¿Rosas o espinas?

¿Cuántas veces has perseguido una meta que pensabas que te haría feliz? ¿Y cuántas veces has acabado sumido aún más profundamente en un mar de remordimientos y soledad? ¿Cuántos perfumes seductores de rosas te han cautivado y al final no han resultado ser otra cosa que espinas de decepción y tristeza?

¿Te has preguntado alguna vez cuándo cambiará todo eso?

¿Y cuándo cambiará todo esto, amigo mío? ¿Cuándo cesará la decepción? ¿Cuándo pasarán la tristeza y la soledad? ¿Cuándo encontrarás las rosas que deseas en tu corazón? ¿Dónde ha quedado la dulzura que anhelas y que jamás se tornará en amargas espinas?

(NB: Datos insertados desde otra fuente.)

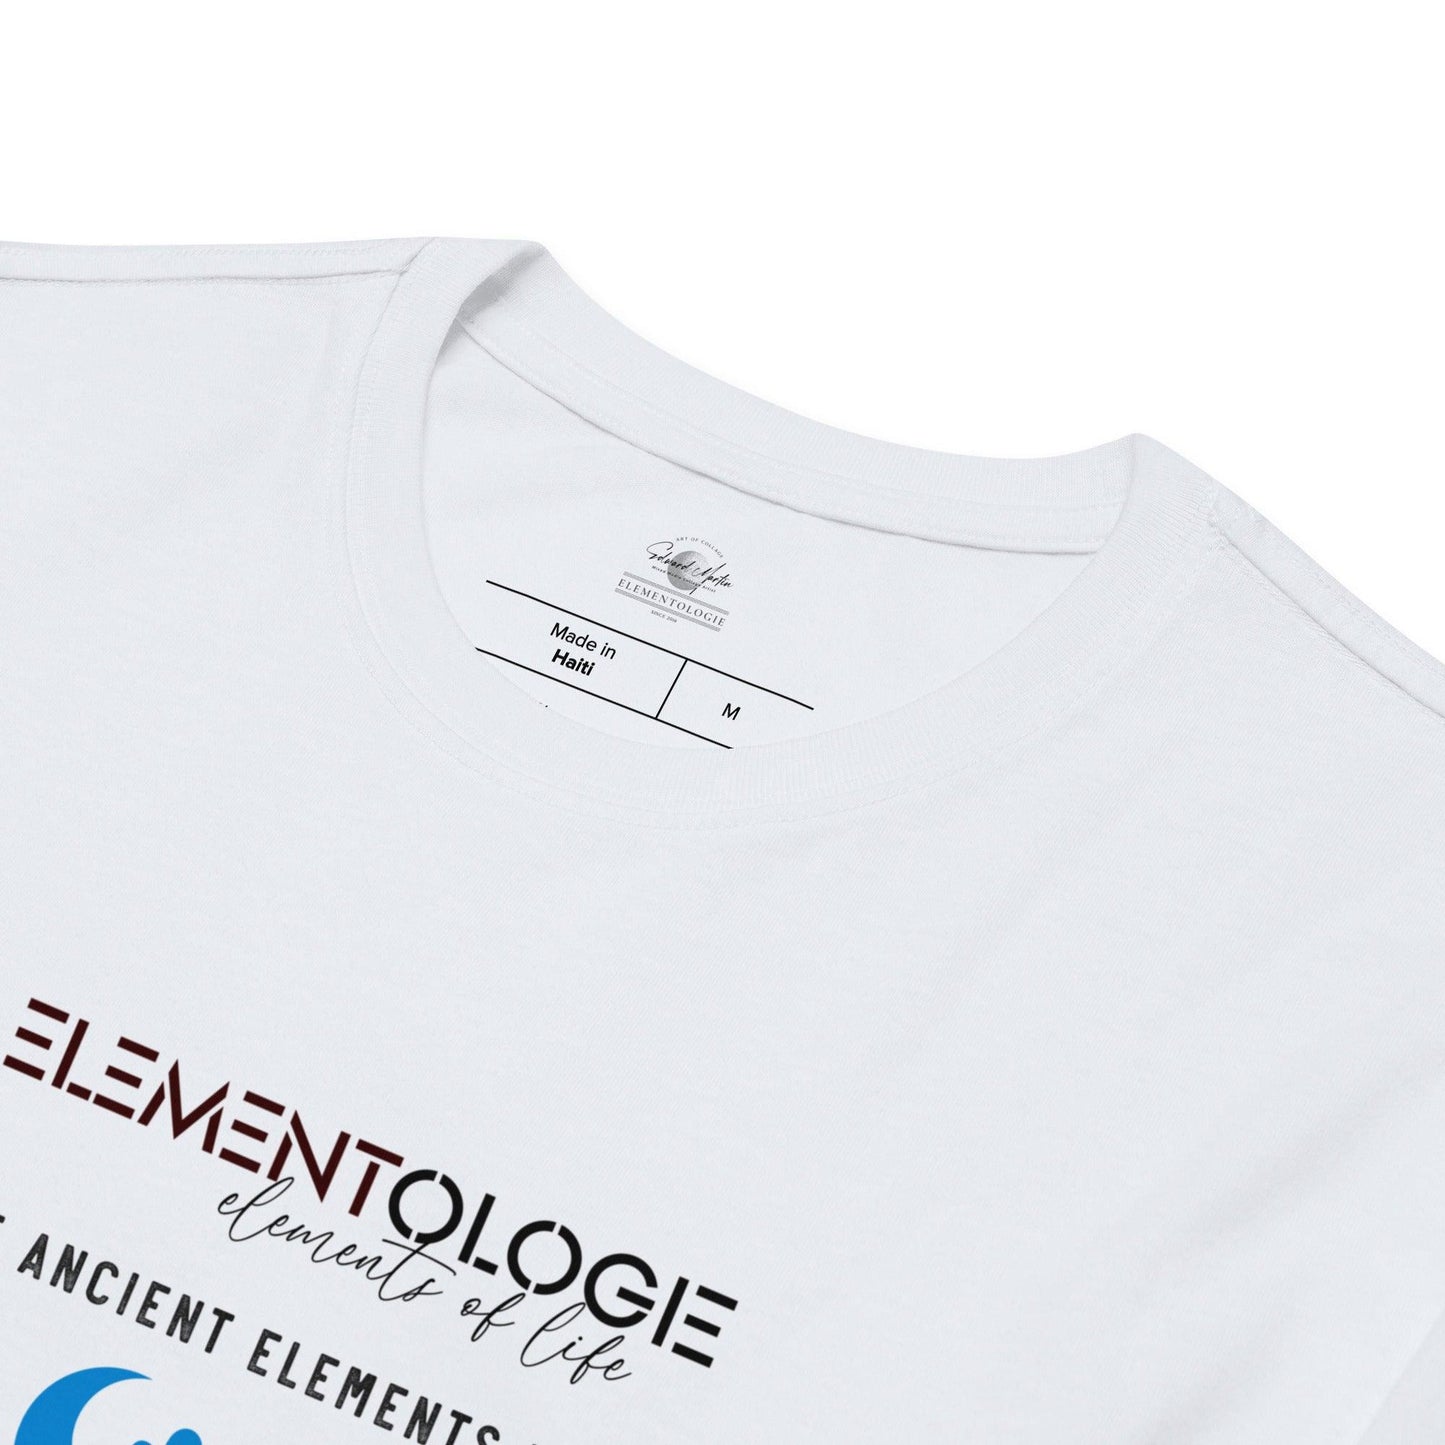 Unisex Fashion Long Sleeve Shirt-Ancient Elements - Elementologie

Santa Bernarda escribió en su diario:
"Mi Divino Maestro, ¡he hecho una elección! Preferiría sufrir contigo hasta la muerte antes que alegrarme, aunque solo fuera por un instante, con aquellos que te insultan y abandonan… He considerado el camino ancho… He sopesado el valor de las riquezas pasajeras de esta vida… He medido la duración de sus fugaces placeres… He contemplado su vana riqueza y su gloria efímera. He visto radiantes flores bajo las que crecen las espinas del remordimiento y las decepciones de la tristeza. ¡Gracias a tu divina luz lo entendí todo! Y apartando los labios del cáliz envenenado, exclamé con los sabios: “Vanidad de vanidades, todo en este mundo, fuera del amor y servicio a Dios, es vanidad”.

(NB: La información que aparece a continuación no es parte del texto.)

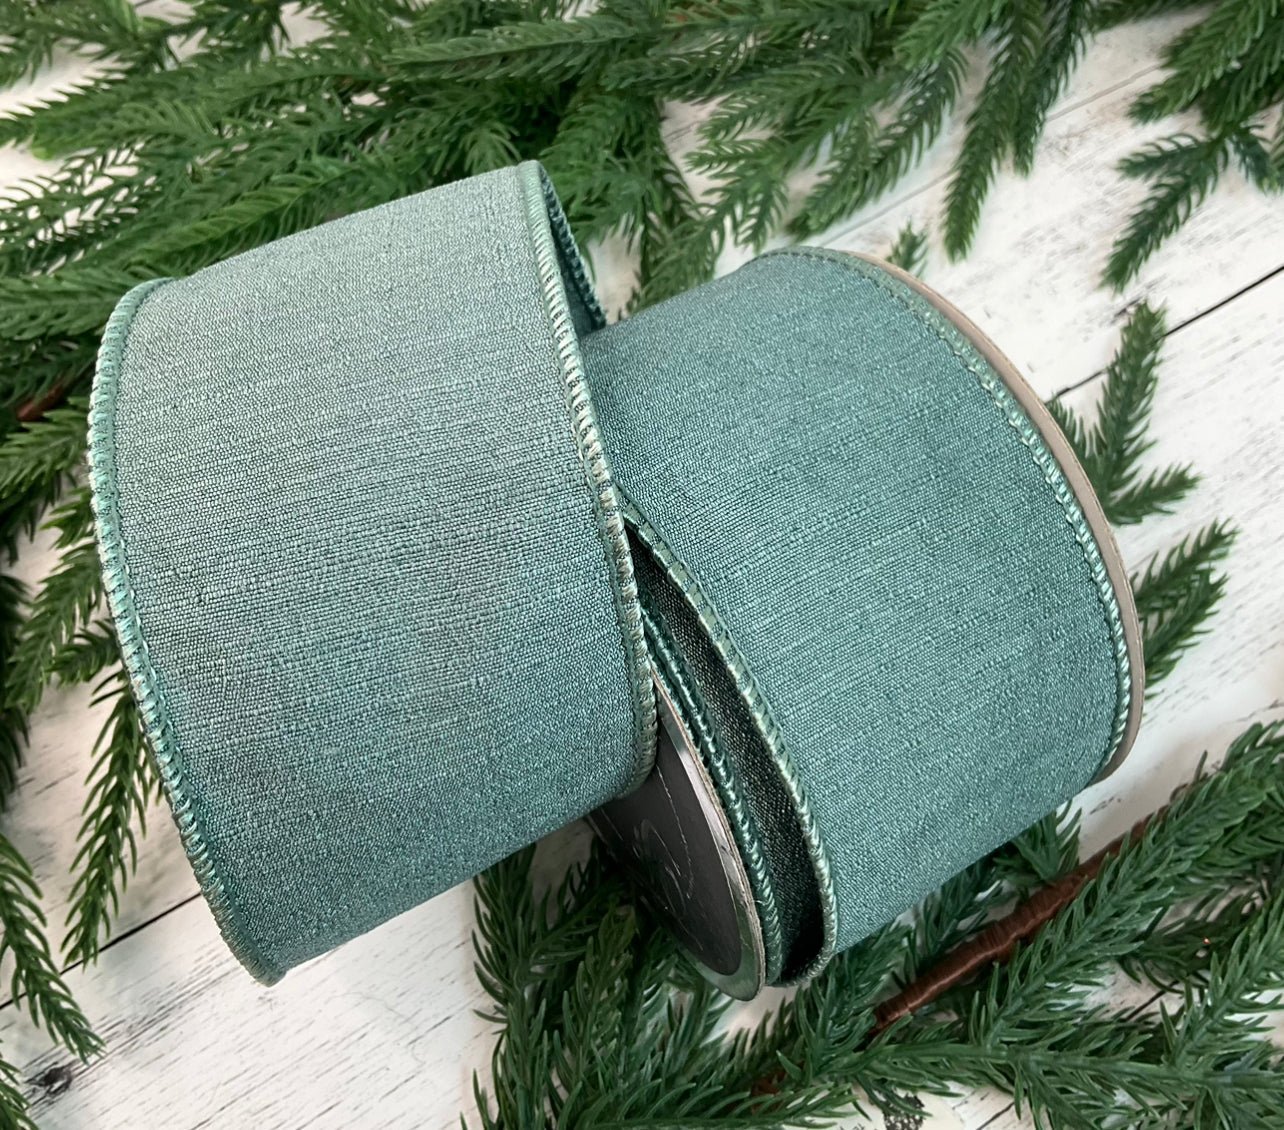 Emerald green plush velvet luster .75” farrisilk wired ribbon

¡Así que alcé la mirada y ya no vi a nadie más que a Jesús!
Sólo Jesús como mi Meta,
sólo Jesús como mi Maestro,
sólo Jesús como mi Modelo,
sólo Jesús como mi Guía,
sólo Jesús como mi Alegría,
sólo Jesús como mi Tesoro,
sólo Jesús como mi Amigo.

¡Oh sí, Jesús mío! Desde ahora en adelante quiero que Tú seas mi todo y mi vida. Te seguiré donde quiera que vayas… ¡Adelante, alma mía, ten coraje! Sube al Calvario tras Jesús y María solo por un día más. Y experimenta, entonces, junto con Jesús y María: alegría, regocijo, eternidad".

¿Te has decidido ya? ¿No es hora ya de que lo hagas? ¿Te cuesta tanto dejar atrás toda la amargura que conocías? ¿Por qué estás indeciso?

Mi querido amigo, deja atrás las decepciones y las vanidades de este mundo, alza tus ojos hacia Jesús, deja que te cure y te enjugue las lágrimas. Deja que la dulzura de su amor renueve tu corazón. Deja que sea tu todo y tu vida. ¡Síguele adonde quiera que vaya y no tengas miedo! Solo Él puede llenar tu corazón con la alegría que anhelas. ¡Deja que te haga feliz! Y aunque a lo largo del camino encuentres desdichas, nunca olvides que no se pueden comparar con el sufrimiento de no estar con Él. ¡Recuerda que algún día te regocijarás para siempre con Él en la victoria!

Que nuestra buena Madre, Madre de aquellos que caminan y buscan, Madre de los indecisos, afiance nuestros pasos y sea la estrella que nos guíe en el camino hacia su Hijo. Amén.

"Yo soy el Camino, la Verdad y la Vida" (Jn 14, 6). "Si alguno quiere venir en pos de mí, niéguese a sí mismo, tome su cruz y sígame" (Mt 16, 24).